EL POZO DE LOS HEROES

› Por Ignacio Apolo

Soy muy poco capaz de mentir, sobre todo en público. Sería genial poder inventar una loca relación con una película, para goce del lector y construcción de la propia imagen, pero de tanto inventar diálogos, historias, personajes y situaciones a lo largo de los años, en las entrevistas me da un ataque de perezosa sinceridad. No obstante, mi padre, el doctor Angel Virgilio Apolo Ramírez, nacido en Piñas, El Oro, Ecuador, en 1936 (dato que viene a responder la pregunta de si en serio mi apellido es Apolo: oh, sí, lo es), nos solía proponer, a mi hermano Angel y a mí, de niños, el siguiente dilema: “¿Les cuento una historia o les miento una historia?”. Creo que es obvio que siempre elegimos la segunda opción. Mi hermano es psicólogo; yo, escritor.

Los recuerdos de mi infancia son particularmente borrosos, o mejor dicho, fragmentarios: consisten en breves flashes de pocos segundos. El primero, el más remoto, debe ser mi recuerdo más arcaico. Son unos molinos de viento, en una pantalla gigante, y los brazos de mi padre protegiéndonos. A mi hermano y a mí. Una locura, si lo pienso ahora. Yo no debía tener más de dos años. Mi hermano tres. Y, por reconstrucción posterior, había un tercer hermano en aquel momento, de pocas horas de vida, internado en agonía en el hospital. Había nacido Ceferino Apolo; moriría pocas horas después, envenenado por los anticuerpos de la sangre materna contra el factor RH de su propia sangre –algo similar me había ocurrido a mí, pero mediante dos transfusiones completas vía cordón umbilical, apenas nacido, lograron salvarme–.

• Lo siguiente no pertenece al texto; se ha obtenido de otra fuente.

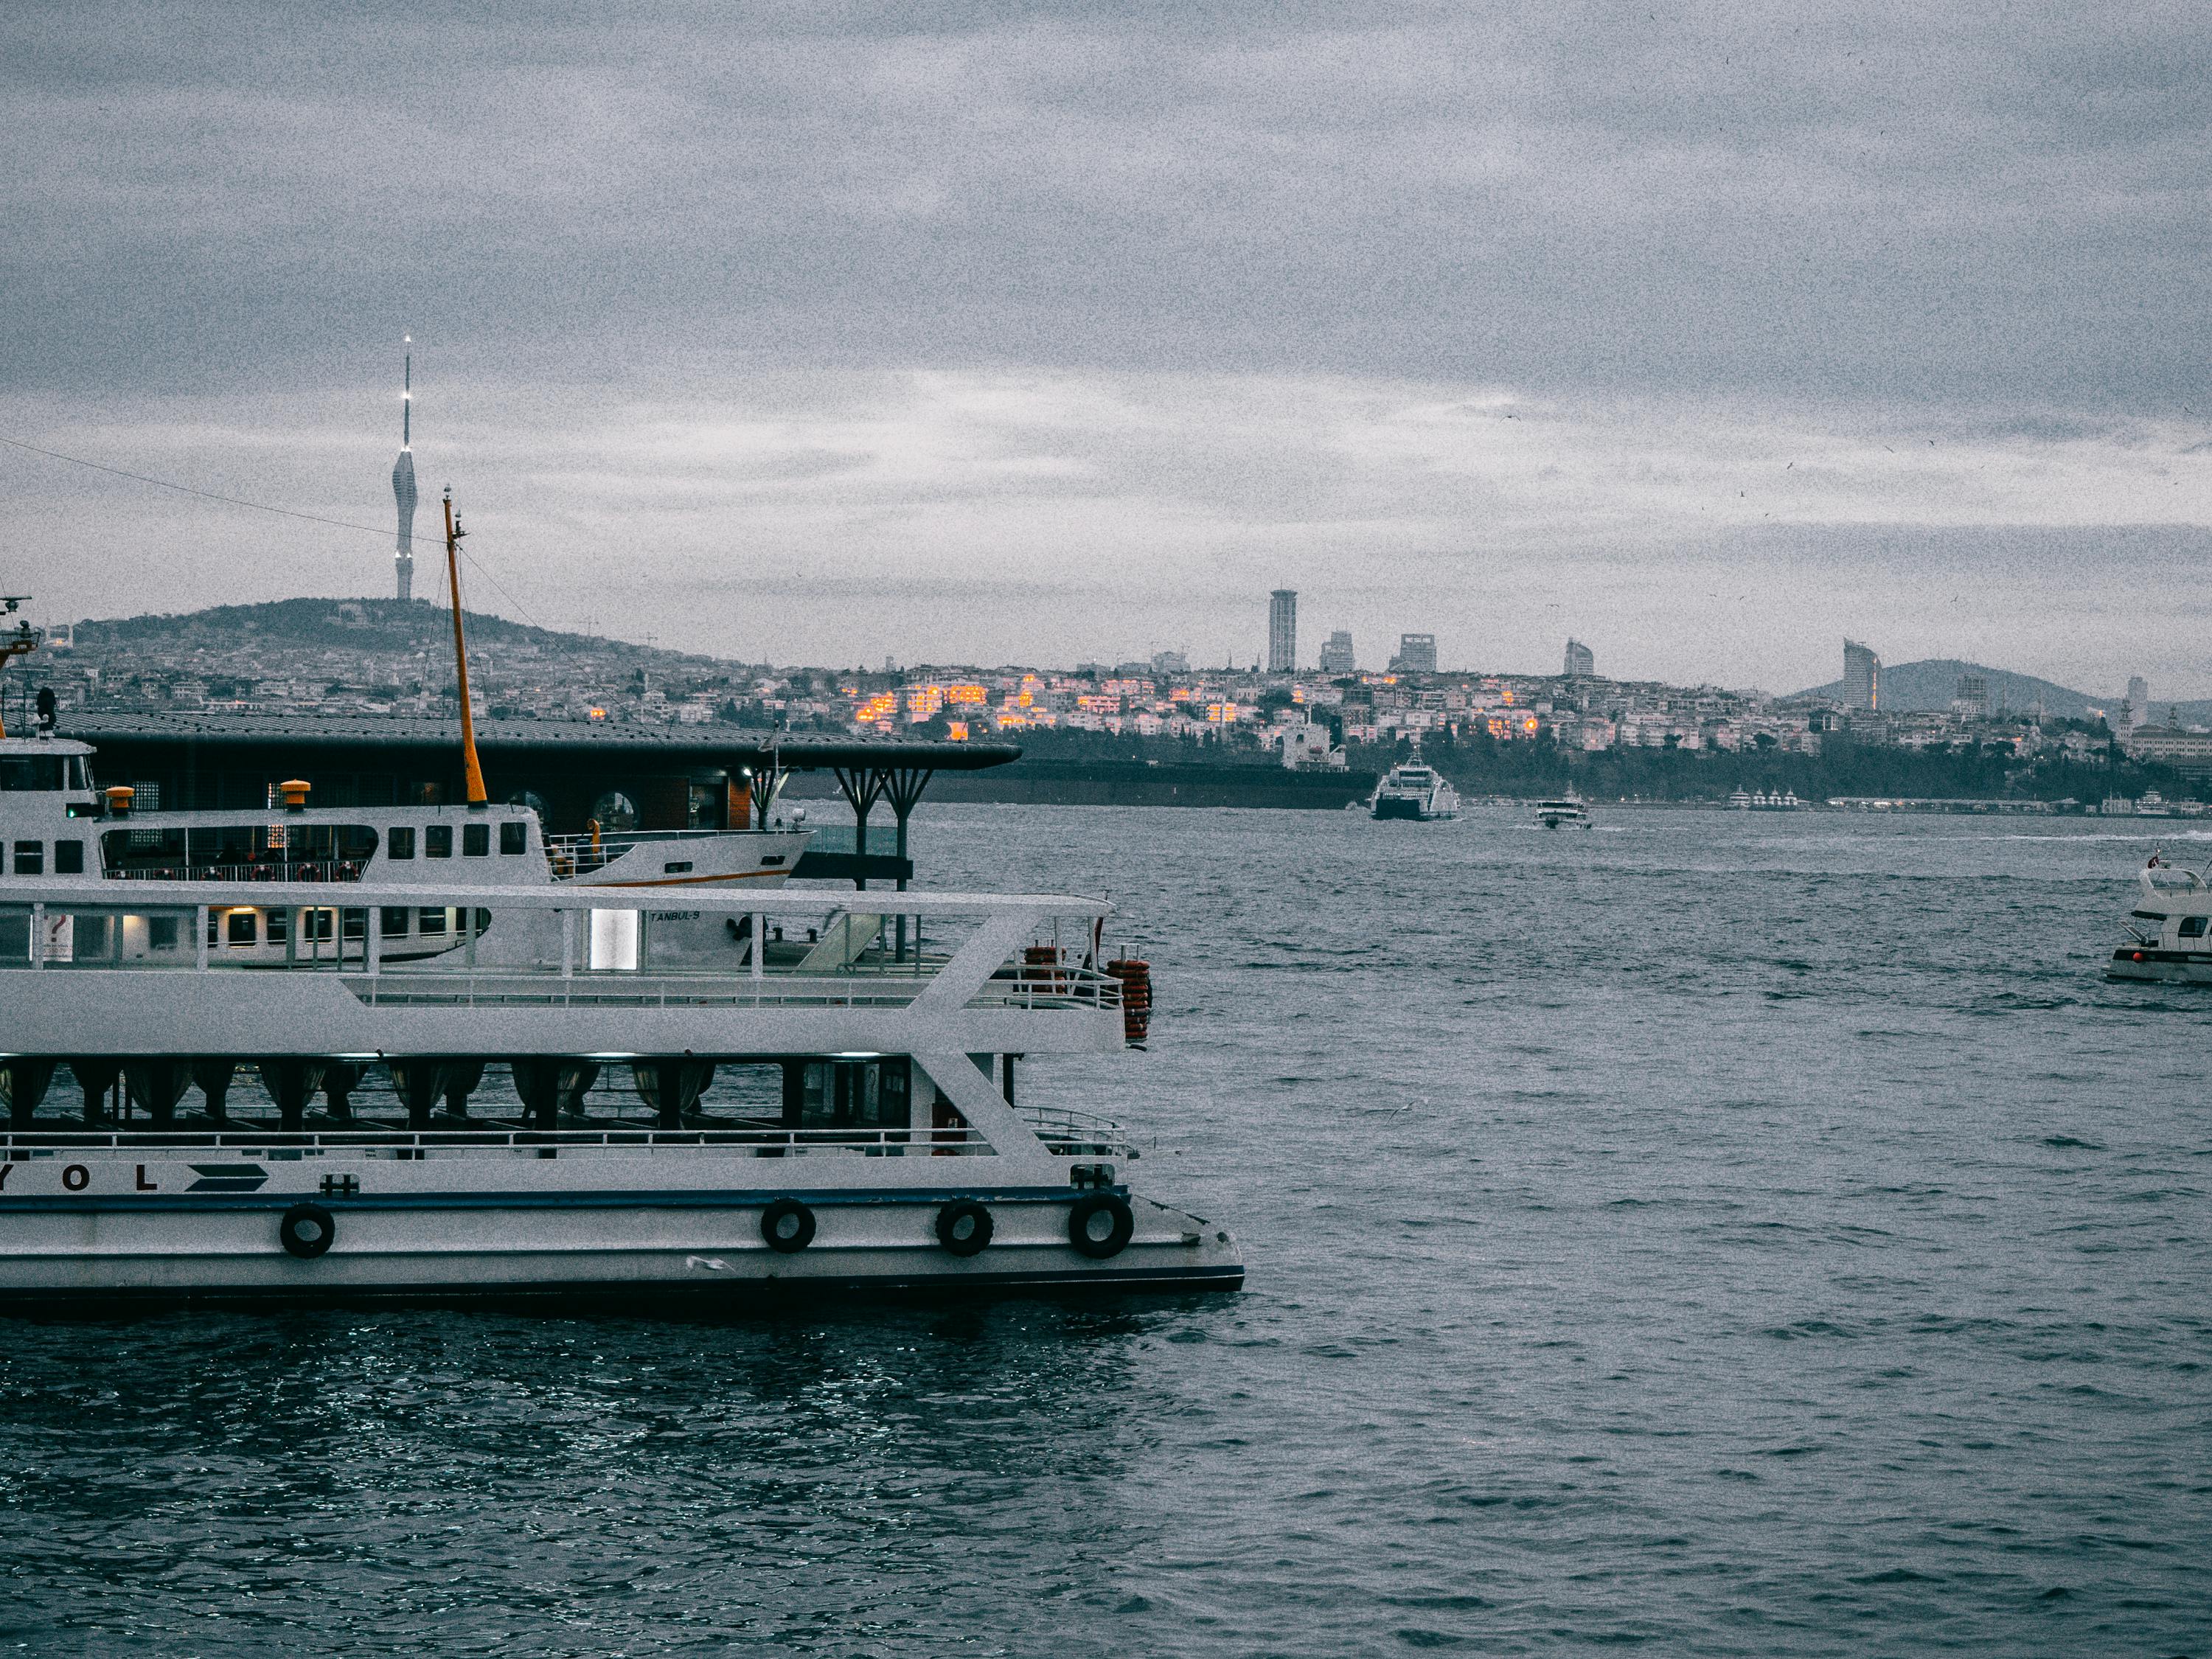 伊斯坦堡, 土耳其, 帆船 的 免費圖庫相片

Evidentemente, mi padre estaba a cargo de nosotros en aquel momento. Empiezo a comprender, padre yo de niños pequeños, recién ahora, a los 44, algo de aquel hombre. Comprendo poco: no sé qué se siente ver morir a tu bebé. Pero también mucho: sé lo que se siente proteger a tus hijos con tus brazos. Contarles una historia. Llevarlos a pasear. Evidentemente, mi padre nos llevó al cine. No era el cine de ahora. Angel Virgilio no tenía posibilidades de encontrar rápidamente un producto Disney o Pixar adecuado a nuestra edad. De modo que, por lo que entiendo, nos llevó a ver El Quijote. ¿Cuál versión? Lo desconozco. Alguna versión proyectada en cines de Buenos Aires en el primer o segundo año de la década del ’70. ¿Por qué la recuerdo? La vida, la muerte, la paternidad de entonces, mi paternidad actual, me traen los brazos de mi padre protegiéndonos de las enloquecidas aspas de los molinos.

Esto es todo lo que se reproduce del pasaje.